TASK INSTRUCTIONS:
Every line containing "pour" should be copied out. Go through the entries and find them.

PROVIDED MATERIAL:

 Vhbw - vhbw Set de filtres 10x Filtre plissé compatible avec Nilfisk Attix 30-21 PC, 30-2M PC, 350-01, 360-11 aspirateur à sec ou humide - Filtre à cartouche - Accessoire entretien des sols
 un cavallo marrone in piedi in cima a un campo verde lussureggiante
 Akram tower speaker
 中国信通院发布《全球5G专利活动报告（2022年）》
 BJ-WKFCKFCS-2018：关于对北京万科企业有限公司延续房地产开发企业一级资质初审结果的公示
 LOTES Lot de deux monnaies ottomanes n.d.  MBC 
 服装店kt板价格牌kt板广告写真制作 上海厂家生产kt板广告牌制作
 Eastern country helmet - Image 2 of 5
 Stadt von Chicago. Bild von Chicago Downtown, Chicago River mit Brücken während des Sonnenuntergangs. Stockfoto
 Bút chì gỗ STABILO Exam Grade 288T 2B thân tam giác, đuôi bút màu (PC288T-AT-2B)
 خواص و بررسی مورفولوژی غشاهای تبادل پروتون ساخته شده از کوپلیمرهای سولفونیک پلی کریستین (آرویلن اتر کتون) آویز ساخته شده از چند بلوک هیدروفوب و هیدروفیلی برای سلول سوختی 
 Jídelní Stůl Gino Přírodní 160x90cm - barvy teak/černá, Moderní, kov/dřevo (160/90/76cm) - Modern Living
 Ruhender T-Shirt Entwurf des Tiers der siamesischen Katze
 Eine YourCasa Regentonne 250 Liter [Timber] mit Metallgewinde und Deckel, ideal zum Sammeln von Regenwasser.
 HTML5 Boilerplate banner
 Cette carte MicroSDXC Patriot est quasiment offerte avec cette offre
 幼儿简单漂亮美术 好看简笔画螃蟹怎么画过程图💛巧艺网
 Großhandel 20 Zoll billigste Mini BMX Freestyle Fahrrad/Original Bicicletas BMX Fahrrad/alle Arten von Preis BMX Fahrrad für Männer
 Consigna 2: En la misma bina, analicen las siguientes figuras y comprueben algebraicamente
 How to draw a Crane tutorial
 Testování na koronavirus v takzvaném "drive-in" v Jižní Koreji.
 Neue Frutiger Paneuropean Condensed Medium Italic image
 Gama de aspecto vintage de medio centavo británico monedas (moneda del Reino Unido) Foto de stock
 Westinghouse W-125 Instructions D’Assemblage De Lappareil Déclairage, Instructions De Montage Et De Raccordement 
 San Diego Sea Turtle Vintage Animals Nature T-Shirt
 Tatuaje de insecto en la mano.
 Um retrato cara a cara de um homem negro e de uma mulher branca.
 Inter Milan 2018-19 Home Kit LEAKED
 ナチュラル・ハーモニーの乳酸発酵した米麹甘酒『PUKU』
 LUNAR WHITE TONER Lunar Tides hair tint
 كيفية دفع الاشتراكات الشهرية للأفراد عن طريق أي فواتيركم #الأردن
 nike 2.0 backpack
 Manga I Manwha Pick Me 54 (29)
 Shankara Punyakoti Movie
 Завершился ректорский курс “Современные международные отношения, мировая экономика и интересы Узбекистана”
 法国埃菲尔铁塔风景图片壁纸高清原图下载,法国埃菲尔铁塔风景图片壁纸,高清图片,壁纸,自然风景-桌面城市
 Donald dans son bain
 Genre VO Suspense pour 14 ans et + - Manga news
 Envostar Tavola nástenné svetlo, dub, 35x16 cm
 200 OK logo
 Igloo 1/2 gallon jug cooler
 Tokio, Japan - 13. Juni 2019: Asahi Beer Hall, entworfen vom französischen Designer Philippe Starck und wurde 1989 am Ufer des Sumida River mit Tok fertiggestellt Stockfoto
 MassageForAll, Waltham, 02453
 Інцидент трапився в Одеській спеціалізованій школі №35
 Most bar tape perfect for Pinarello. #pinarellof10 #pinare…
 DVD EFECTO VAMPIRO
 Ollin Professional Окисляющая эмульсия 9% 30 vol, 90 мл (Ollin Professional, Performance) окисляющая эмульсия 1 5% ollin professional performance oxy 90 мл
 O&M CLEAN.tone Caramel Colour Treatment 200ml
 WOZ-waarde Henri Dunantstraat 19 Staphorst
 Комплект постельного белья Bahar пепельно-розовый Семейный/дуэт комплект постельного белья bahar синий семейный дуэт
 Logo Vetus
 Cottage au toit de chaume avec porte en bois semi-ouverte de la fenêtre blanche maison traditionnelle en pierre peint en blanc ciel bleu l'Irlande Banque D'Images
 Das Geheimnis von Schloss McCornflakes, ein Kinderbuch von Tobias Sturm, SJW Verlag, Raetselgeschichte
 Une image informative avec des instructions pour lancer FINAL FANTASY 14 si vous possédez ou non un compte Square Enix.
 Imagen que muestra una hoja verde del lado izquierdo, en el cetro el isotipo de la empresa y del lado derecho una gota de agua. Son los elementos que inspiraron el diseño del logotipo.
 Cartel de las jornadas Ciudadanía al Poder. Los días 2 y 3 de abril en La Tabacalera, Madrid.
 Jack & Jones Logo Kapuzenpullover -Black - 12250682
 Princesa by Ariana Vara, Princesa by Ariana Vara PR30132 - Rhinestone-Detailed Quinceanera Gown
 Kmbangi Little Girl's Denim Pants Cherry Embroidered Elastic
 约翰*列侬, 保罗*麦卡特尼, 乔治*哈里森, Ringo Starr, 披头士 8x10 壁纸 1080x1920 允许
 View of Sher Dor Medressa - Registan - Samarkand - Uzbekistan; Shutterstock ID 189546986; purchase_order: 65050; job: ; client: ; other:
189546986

TASK RESPONSE:
 Genre VO Suspense pour 14 ans et + - Manga news
 Une image informative avec des instructions pour lancer FINAL FANTASY 14 si vous possédez ou non un compte Square Enix.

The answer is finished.